There, she first encountered immunotherapy, then an emerging treatment that uses the body’s immune system to fight cancer. This experience solidified her fascination with oncology – a field where innovations could rapidly transition from the lab to clinical use, offering new hope to patients.

Immunotherapy, particularly treatments known as checkpoint inhibitors, was a revelation to Betof Warner. Unlike traditional chemotherapy, which can be relentless and without a guarantee of lasting effectiveness, immunotherapy offers the possibility of long-lasting responses from limited durations of treatment. 

How Do Checkpoint Inhibitors Work?

T cells’ inherent job in the body is to kill things that don’t belong. That can include viruses, bacteria, or even cancer. “Cancer is good at developing ways to hide,” explains Betof Warner. “I often compare this to Harry Potter’s invisibility cloak – cancer puts on an invisibility cloak to evade detection. The purpose of checkpoint inhibitor drugs is to remove that cloak, allowing the immune cells, specifically T cells, to see and attack the cancer. These T cells have the ability to kill cancer; what they lacked was the ability to see it.

“I fell in love with the idea that we could harness the immune system to create durable responses for patients,” she says. “It meant that patients wouldn’t necessarily need to be on treatment forever. We were controlling advanced cancer and getting patients back to their lives.”

Leading a New Frontier at Stanford: Solid Tumor Cell Therapy With TILs

Though checkpoint inhibitors have improved cancer care, the majority of patients still do not achieve long-term disease control with this approach. Cellular therapy is a different strategy that utilizes expanded and/or engineered T cells to incite a durable immune response to cancer. 

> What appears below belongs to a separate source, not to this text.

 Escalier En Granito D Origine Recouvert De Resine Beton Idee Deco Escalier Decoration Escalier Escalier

At Stanford, Betof Warner leads the advanced melanoma group and oversees the development of solid tumor cell therapies. She has been at the forefront of developing a new method for treating solid tumors using tumor-infiltrating lymphocytes (TILs). This cutting-edge therapy involves surgically extracting T cells from a patient’s tumor, multiplying them in a laboratory, and then reintroducing them to the patient’s body to more effectively target and kill cancer cells. Even more exciting, this is a one-time treatment that can work for patients even when standard immunotherapy with checkpoint inhibitors has failed.

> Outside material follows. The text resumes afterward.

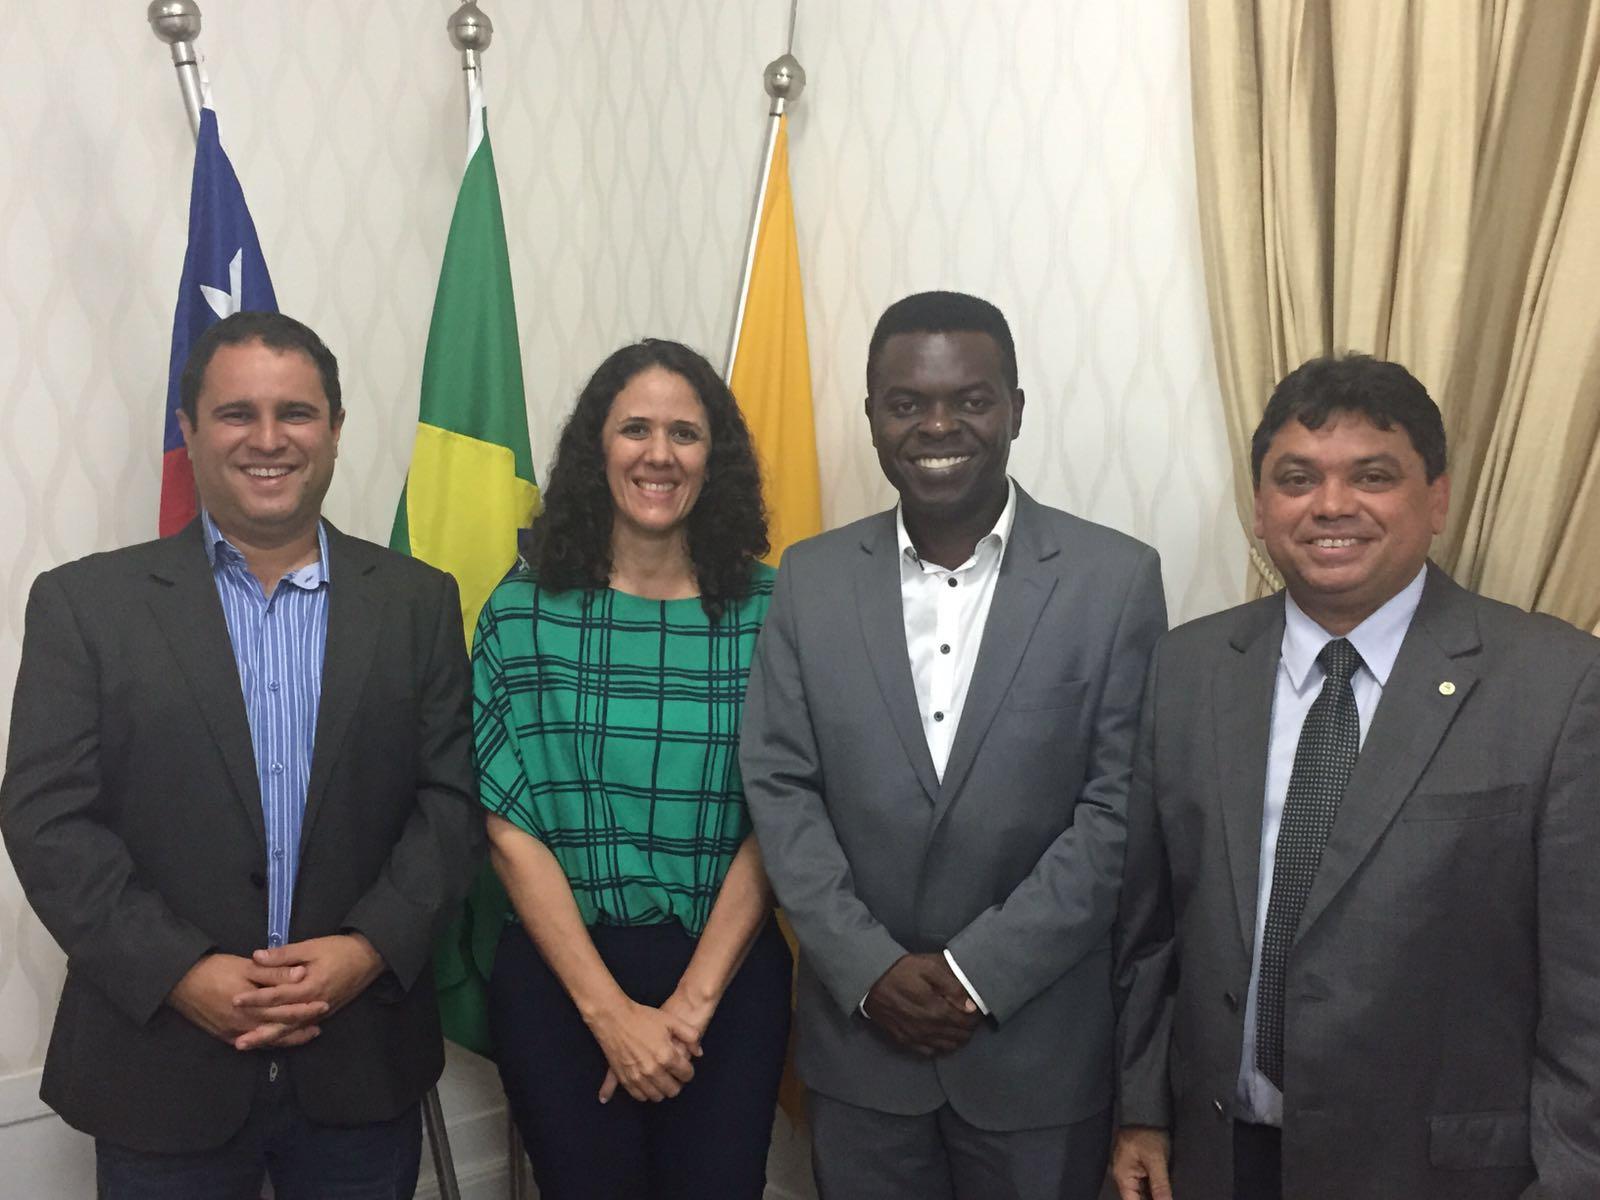 Na foto, Edivaldo Júnior, Conceição Castro, batista Matos e Márcio Jerry

Stanford recently marked a significant milestone under Betof Warner’s leadership: becoming the first center to treat a patient with this innovative cell therapy following FDA approval. This achievement highlights the rapid progress of Betof Warner’s team and the potential of TIL therapy to provide a powerful new treatment option for cancer patients.

Stanford has been a leader in cell therapy for hematological malignancies for many years. “The opportunity to bring that expertise to a whole new population of patients is what brought me here,” Betof Warner states. “It was crucial to me that if I came here to build this program, we could start treating patients with urgency as soon as FDA approval was granted.” 

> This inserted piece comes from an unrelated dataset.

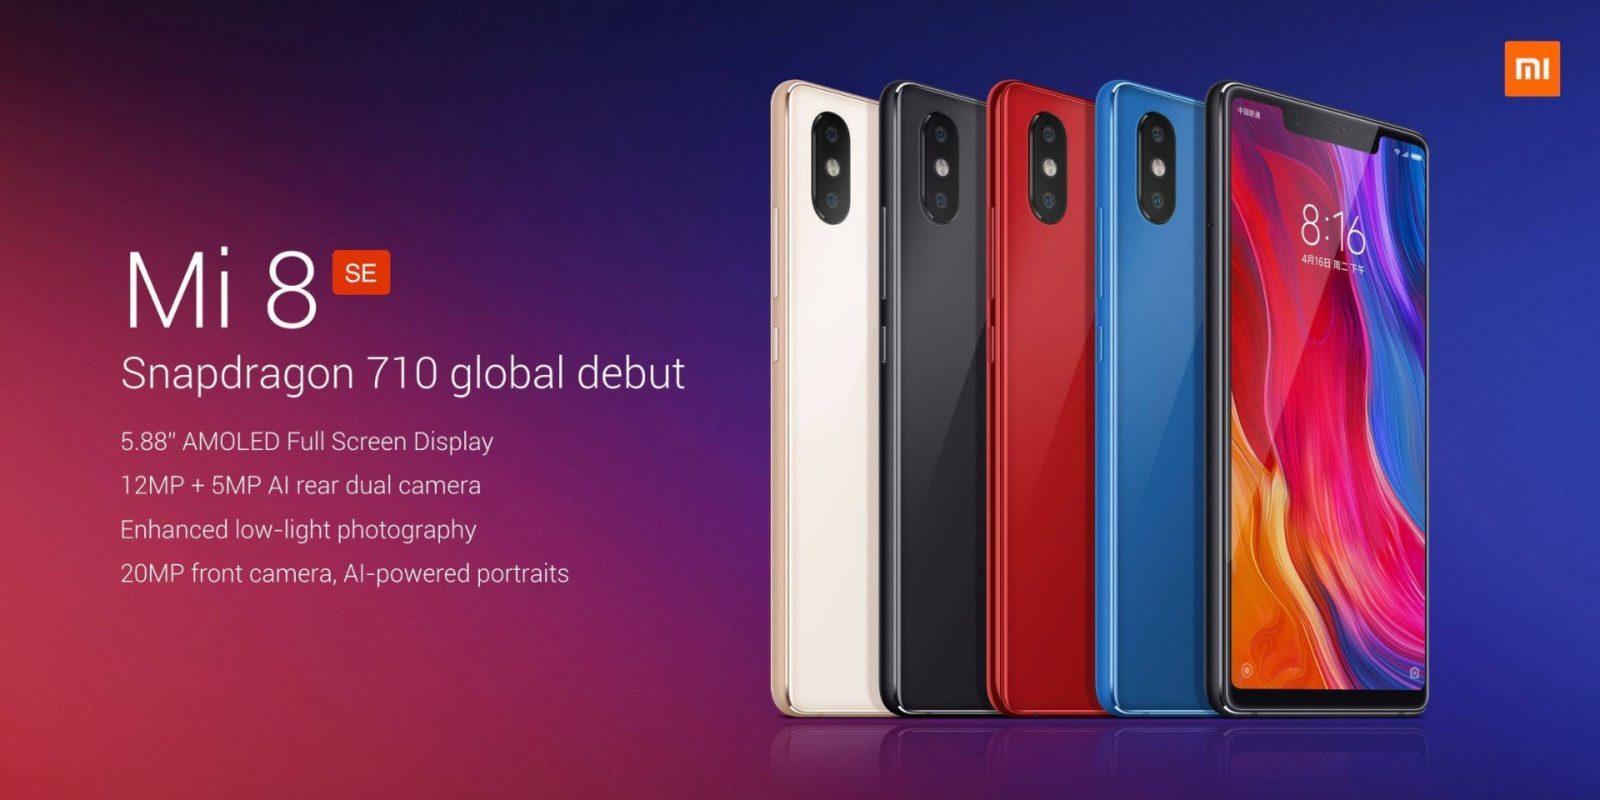 Xiaomi presenta MI8 SE | Evosmart.it

Betof Warner and her team scheduled the first surgery within hours of the FDA approval. “We had a wait list of patients,” she recalls. “Being able to immediately make those phone calls after FDA approval and say, ‘I know you’ve been waiting, and here’s the day of your surgery,’ was a huge milestone.” 

Trying a new therapy is both exciting and daunting. “We want to ensure that we’re doing the right thing for the patients, but we knew we had the pieces in place here at Stanford to do it,” Betof Warner says. Now, she and her team have a full pipeline of patients.